September 30, 1997
Mr. Billy Buzzett, Executive Director
Constitution Revision Commission
Room B-11 Historic Old Capitol
Tallahassee, FL 32399-1300

Dear Mr. Buzzett:

Over the years, I have identified several Constitutional issues and problem areas which I am hereby suggesting for your consideration as Constitutional amendments. This proposal is too involved to have been presented at any of your public hearings, so I decided to submit it in writing.

I believe the current Taxpayer's Bill of Rights in the Constitution should be strengthened and expanded as per the attached. The current legislation adopted pursuant to Article I, Section 25 of the Constitution does not address safeguards involving ad valorem or non-ad valorem taxes.

Items one (1) through twelve (12) and sixteen (16) through nineteen (19) are current provisions in chapter 213.015, Florida Statutes. Following is a summarization of the other provisions in this proposal:

#13 There is a need to protect and preserve the separation of the Constitutional functions of assessing property for ad valorem taxes and collecting and refunding such taxes from the control of the county taxing authority which sets the tax millage rate. There are numerous potential statutory conflicts if such Constitutional officers are controlled by a major taxing authority. I am attaching a position paper on this issue as it relates to the position of Property Appraiser in Brevard County, prepared for presentation to the local Charter Study Commission (Exhibit A). Also, an attached petition, involving this issue, illustrates that 60 of 67 Property Appraisers showed their concern by signing it in 1995. (Exhibit B, Issue 2)

#14 This would avoid a proliferation of new county municipal service taxing districts and special non-ad valorem assessment charges being placed on tax bills for services taxpayers do not want.

#15 This would prevent a municipality which owns property in another county from removing such property from that county's tax rolls, as tax exempt property, when the municipality provides no direct public services to the residents of the county.

#20 Appeals of property valuations should not be decided by persons who are members of taxing authorities and utilize such revenues. Rather, a system should be developed, by general law, which provides for such decisions to be made by independent persons who are licensed or certified as having an understanding of property valuation. Some taxpayers scoff at having to appear before persons who levy taxes and spend tax revenues when they are told who decides their appeals. Also, there are instances of pure politics by these Boards as is evidenced by decisions in Levy county in 1994 which are the subject of lingering litigation to this day. (See also Exhibit B, Issue 1)

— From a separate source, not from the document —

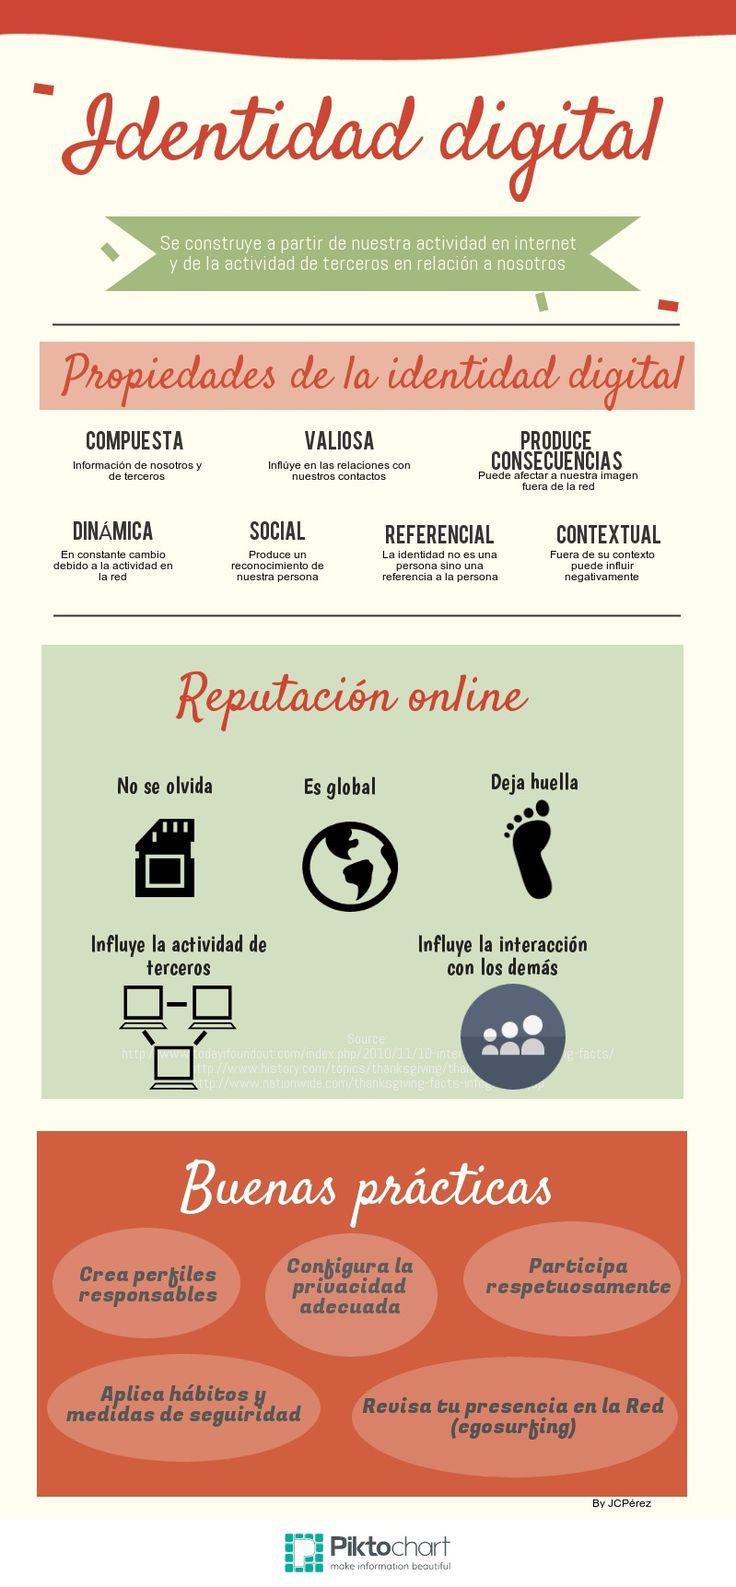 La identidad digital

#21 There are types of tangible personal property which now must be identified and assessed which produce little tax revenue compared to the cost of administering and collecting such taxes. The Legislature should be permitted to identify and exempt such properties by general law.

#22 A property tax inequity exists between property owned by a city or a special district and similar property owned by a county. We now have city or special district owned ports or airports which pay taxes on leased property and county owned ports or airports which do not, even when the use of the property is clearly for a private, proprietary purpose.

#23 After Constitutional Amendment 10 passed in 1992, the Florida Department of Revenue was successful in having a rule adopted which requires a re-assessment of the property each year to recapture taxable value, even when there is no further change in the market value. This is based on a misreading of the intent of the original amendment which, having to address only a single subject, could not also have implemented this procedure. Such was not the intent of the amendment's drafter and would be precluded by this Constitutional provision.

#24 There are many different federal, state and local government regulations which are adopted placing extraordinary permitting constraints on various types of private property for environmental reasons. Once these designations are officially made, there is a chilling effect on the marketability of these properties as buyers will purchase other properties not having this stigma. Thus, there is no market for these properties. Consequently, property appraisers should be permitted to place these properties, or portions thereof, in a special classification and assess them at a nominal value until their extent of utility can be determined, after necessary environmental permits are obtained. It is arguable that current statutory provisions, in this regard, are sufficient to allow proper treatment for these properties.

A better approach would be to pattern the treatment of all environmental properties after the way in which the Constitution currently addresses recharge "blue belt" areas by valuing them based upon their character and use as vacant, unimproved properties in their natural condition. Currently, a costly and difficult parcel by parcel evaluation is necessary to determine if the highest and best use is even attainable and, if so, at what price. Sometimes the cost to obtain permits can exceed the value of the property. Also, one is never certain as to whether an environmental permit will be issued or upon what conditions.

This proposal is better suited to the mass appraisal process of valuing property uniformly for ad valorem tax purposes. The current situation requires too many individual studies and too many tax dollars spent trying to value certain properties fairly for all concerned. The current system places the property appraiser in the middle of conflict between those who regulate to protect the environment and those who wish to use their property for its highest and best use.

I would appreciate your forwarding these recommendations for the consideration of the Constitutional Revision Commission.